◆ **MATERIAL FOR THE TASK**:
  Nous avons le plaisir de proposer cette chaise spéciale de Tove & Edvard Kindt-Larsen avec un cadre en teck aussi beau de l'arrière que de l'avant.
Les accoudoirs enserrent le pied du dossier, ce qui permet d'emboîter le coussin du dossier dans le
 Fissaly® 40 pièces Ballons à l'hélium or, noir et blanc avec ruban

--

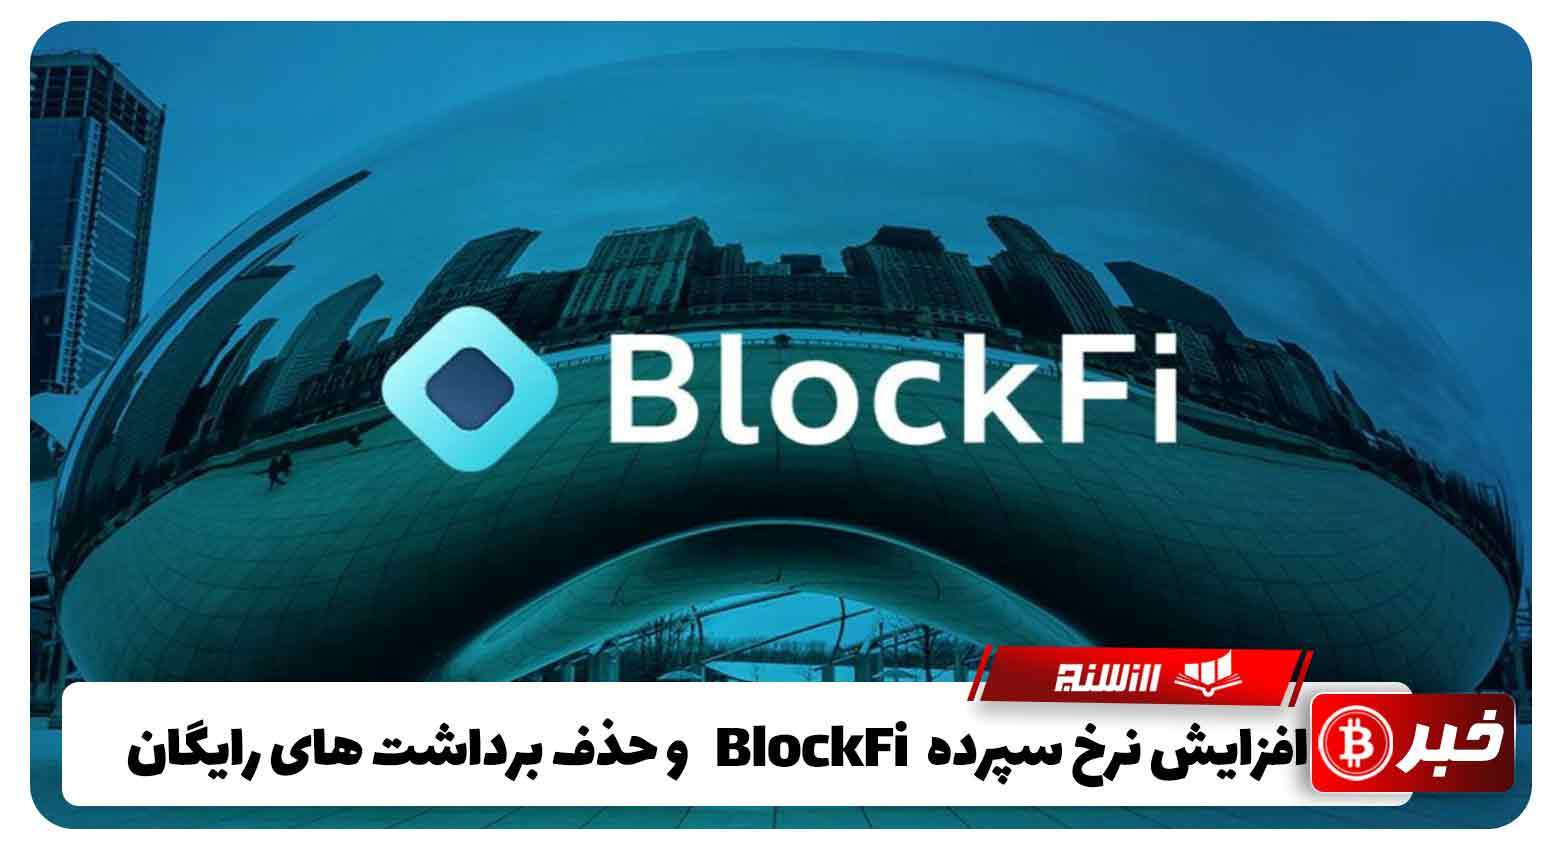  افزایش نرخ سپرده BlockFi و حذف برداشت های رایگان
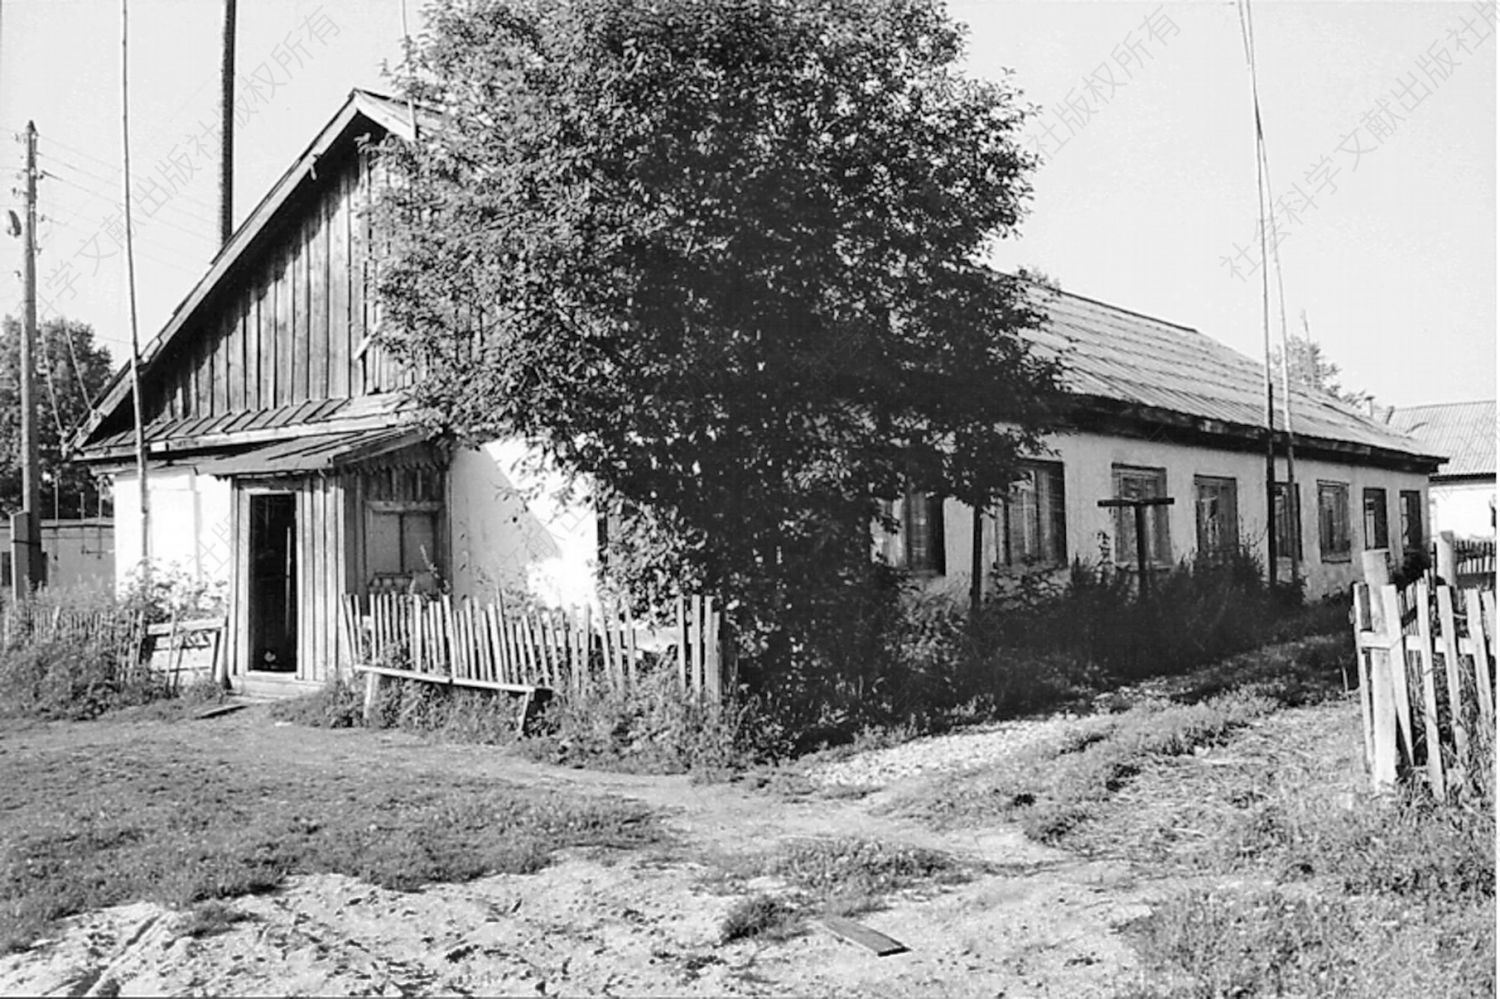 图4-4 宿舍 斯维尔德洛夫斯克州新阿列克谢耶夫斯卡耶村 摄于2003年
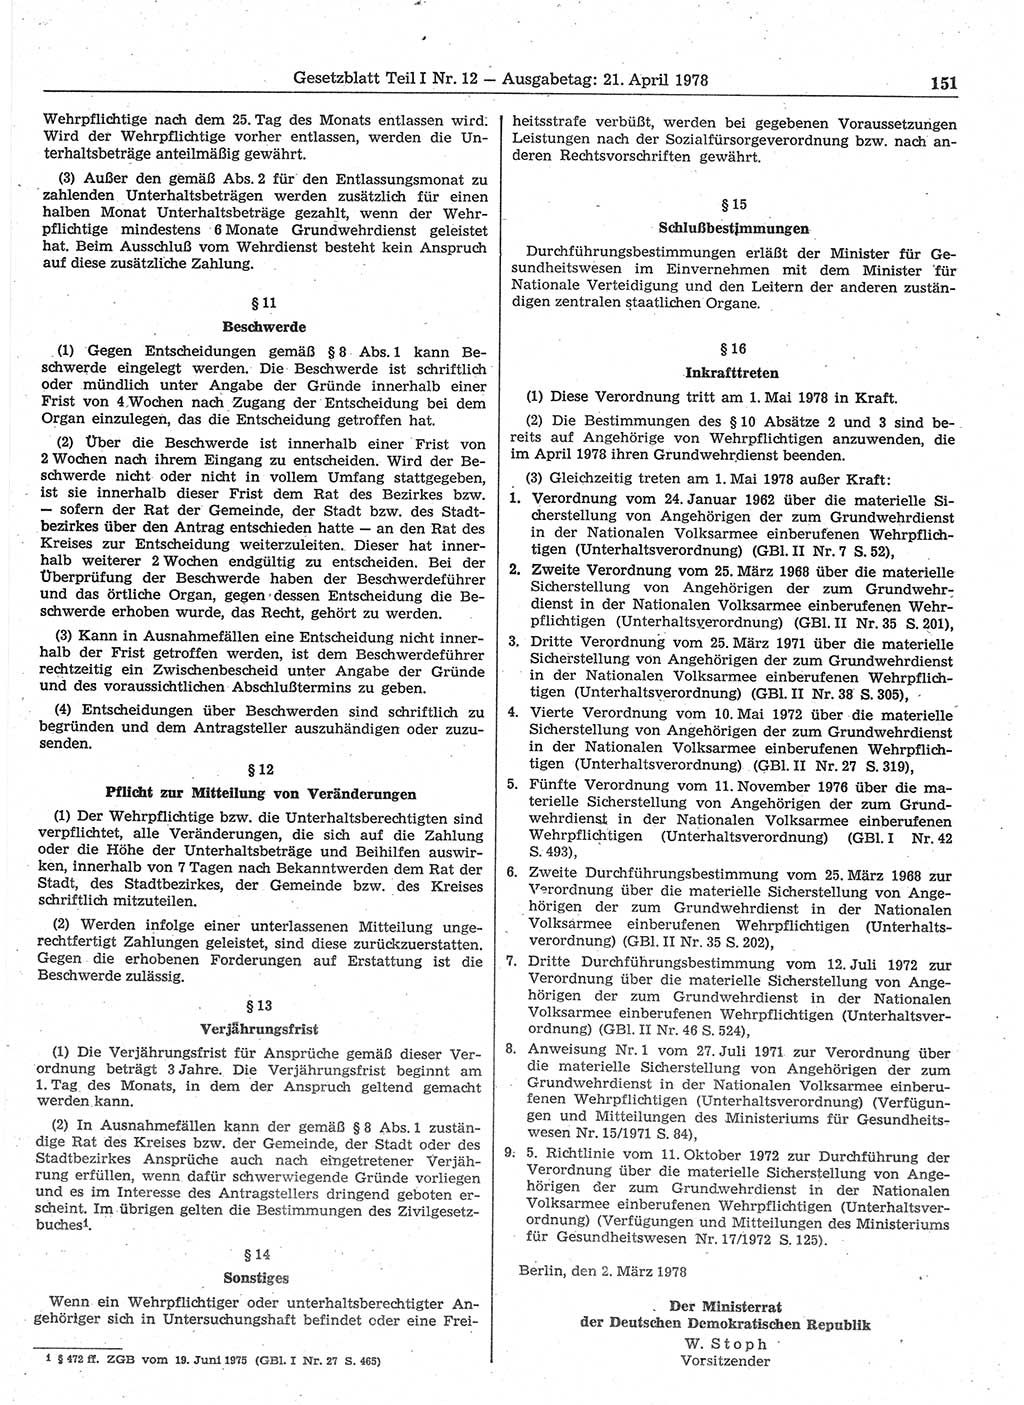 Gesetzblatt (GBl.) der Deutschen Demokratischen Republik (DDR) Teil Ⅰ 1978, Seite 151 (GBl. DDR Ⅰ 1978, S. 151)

◆ **TASK ITEM**:
When a line in the data contains "avec", return it as written.

◆ **WRITTEN ANSWER**:
  Nous avons le plaisir de proposer cette chaise spéciale de Tove & Edvard Kindt-Larsen avec un cadre en teck aussi beau de l'arrière que de l'avant.
 Fissaly® 40 pièces Ballons à l'hélium or, noir et blanc avec ruban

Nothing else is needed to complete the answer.